*PROBLEM STATEMENT*. All lines below must be repeated exactly, with the pictures omitted.

*DATA EXCERPT*.

----------------------------------------

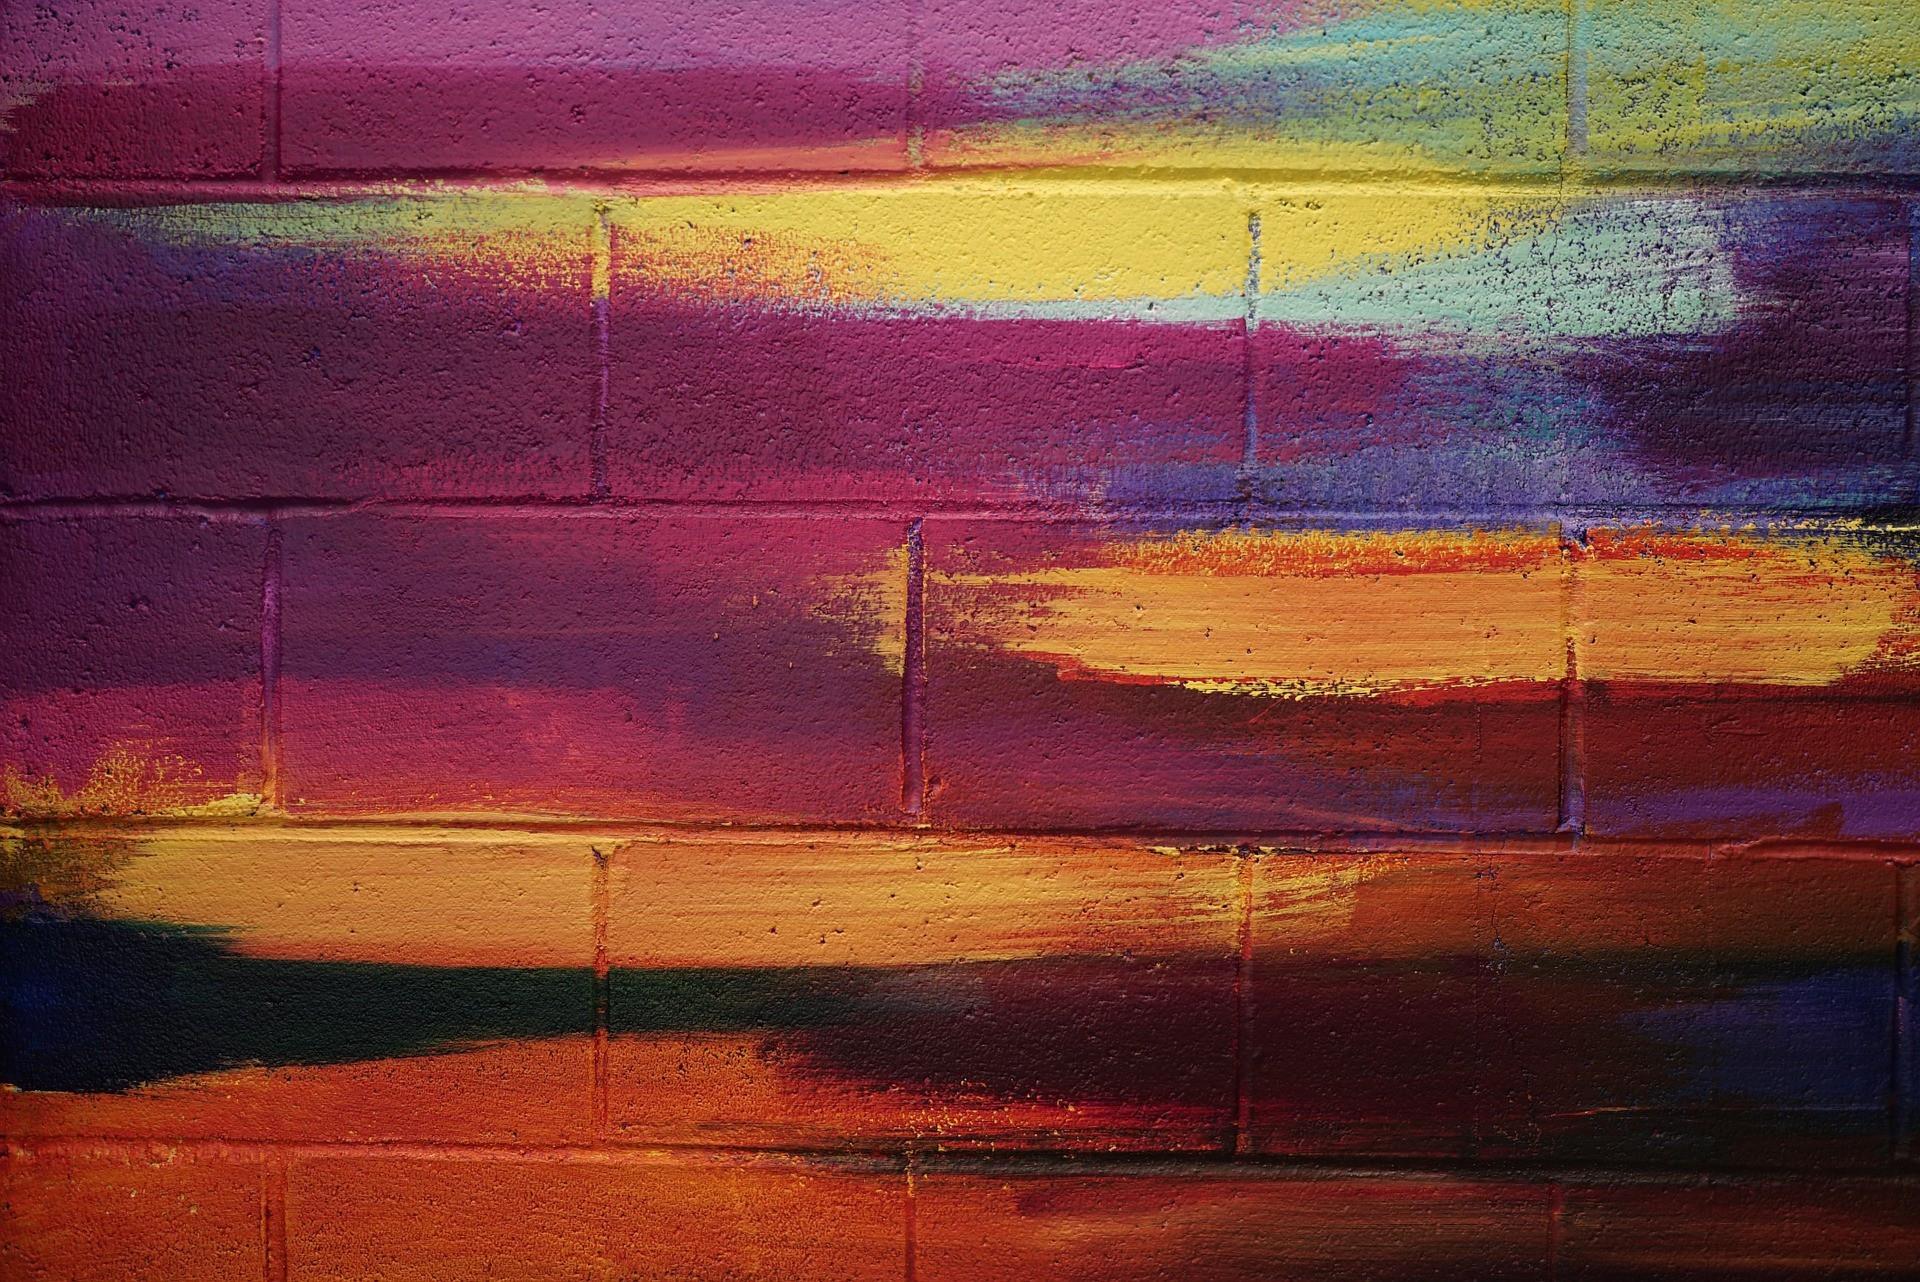 (Foto: fancycrave1/pixabay)Tijolinho colorido
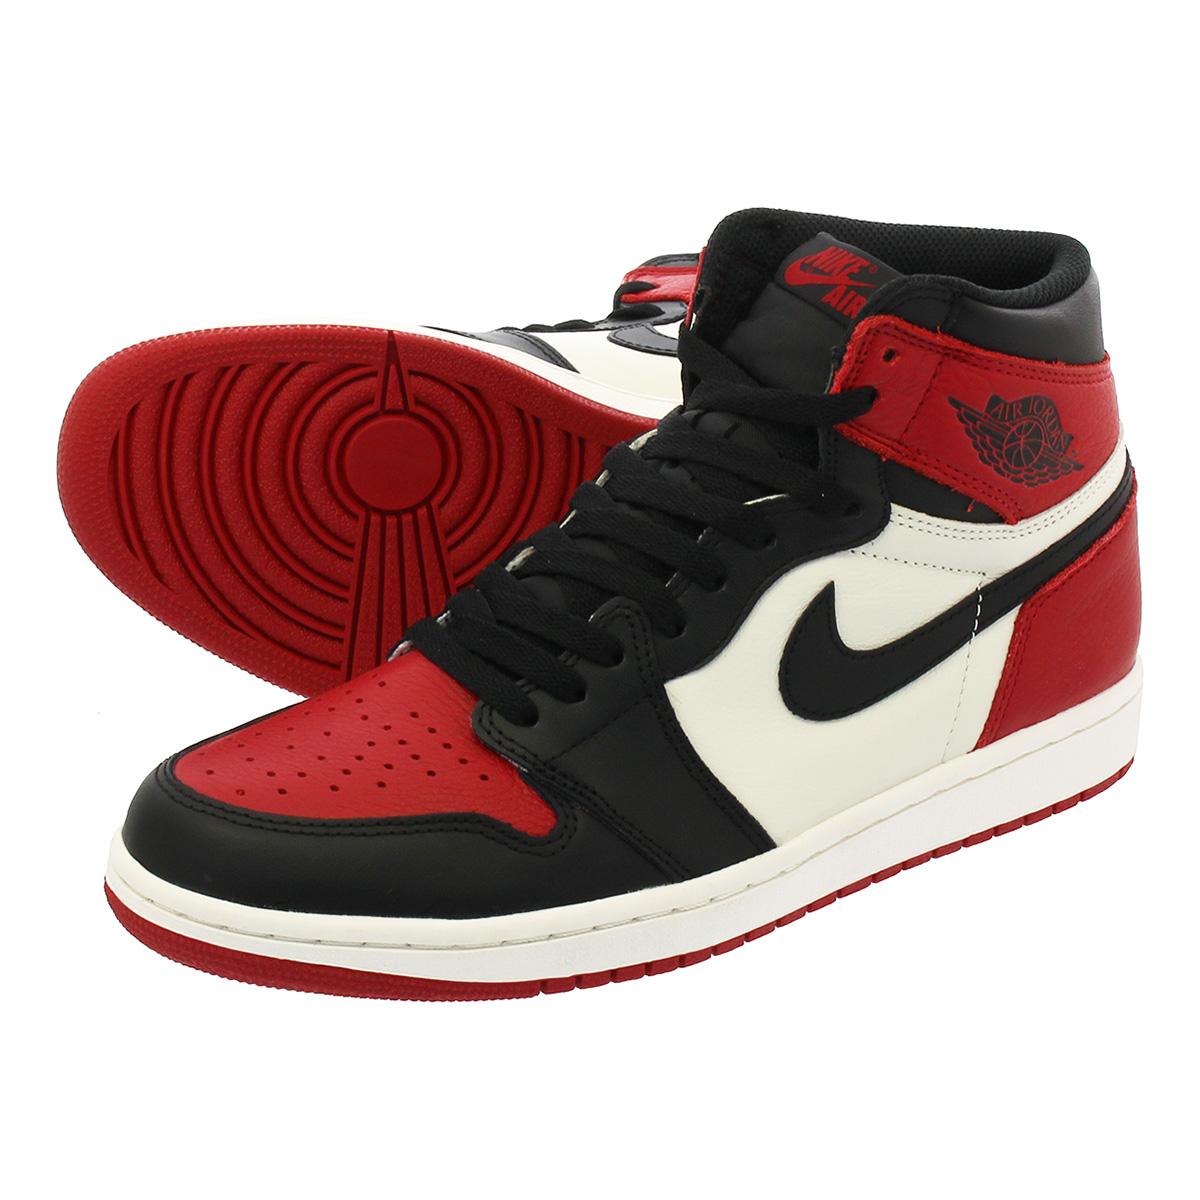 NIKE AIR JORDAN 1 RETRO HIGH OG Nike Air Jordan 1 nostalgic high OG GYM RED  BLACK SUMMIT WHITE a3cc4186e
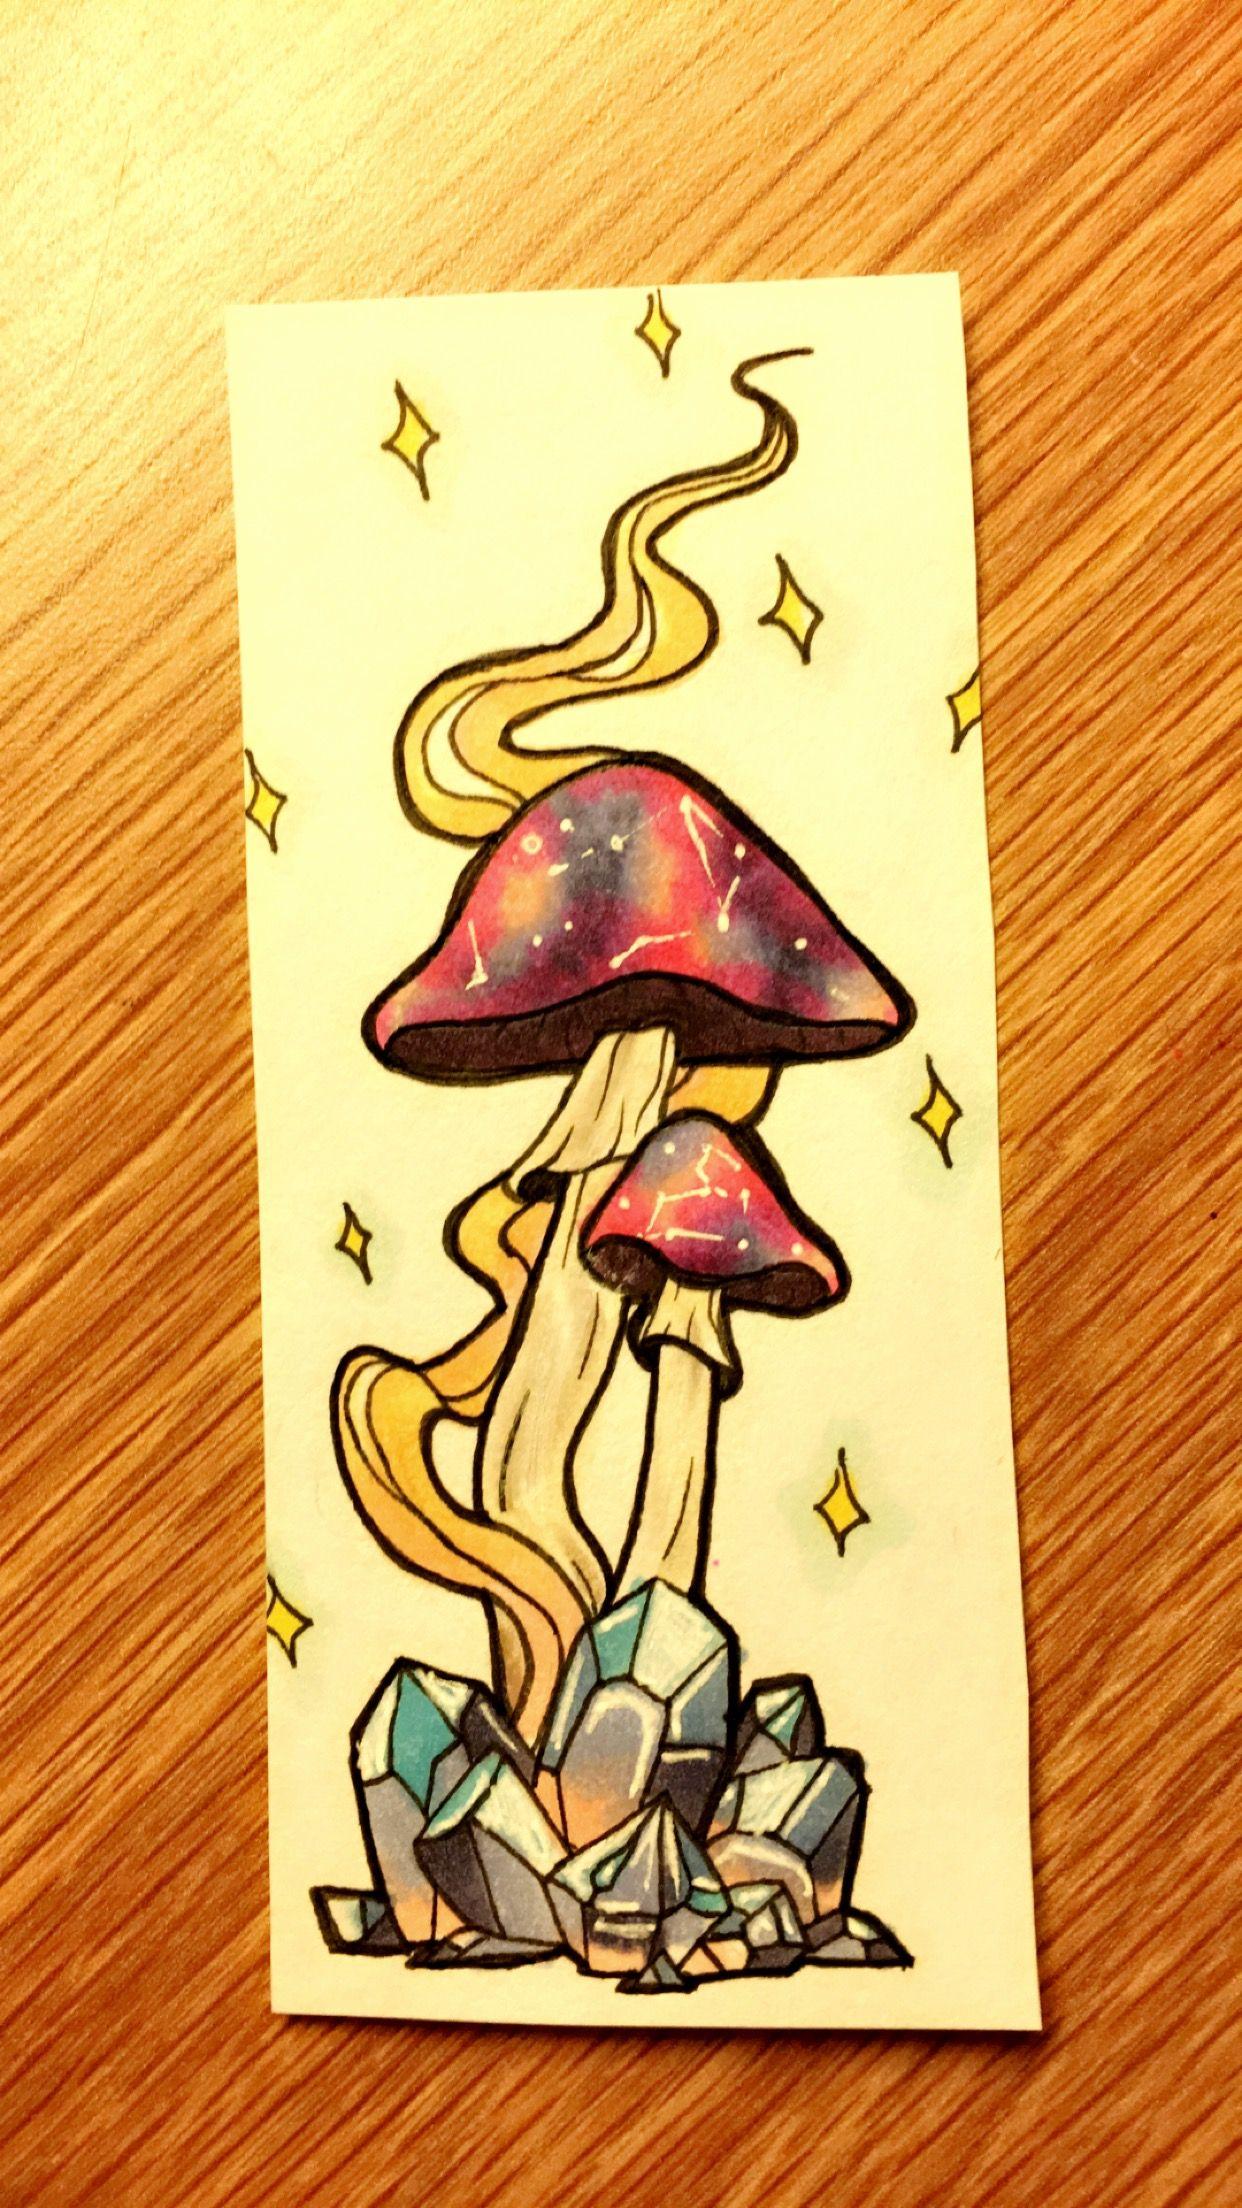 Pin by Sydney Dizick on Art Art, Trippy, Stickers

----------------------------------------

*RESPONSE BELOW*.
 (Foto: fancycrave1/pixabay)Tijolinho colorido
 NIKE AIR JORDAN 1 RETRO HIGH OG Nike Air Jordan 1 nostalgic high OG GYM RED  BLACK SUMMIT WHITE a3cc4186e
 Pin by Sydney Dizick on Art Art, Trippy, Stickers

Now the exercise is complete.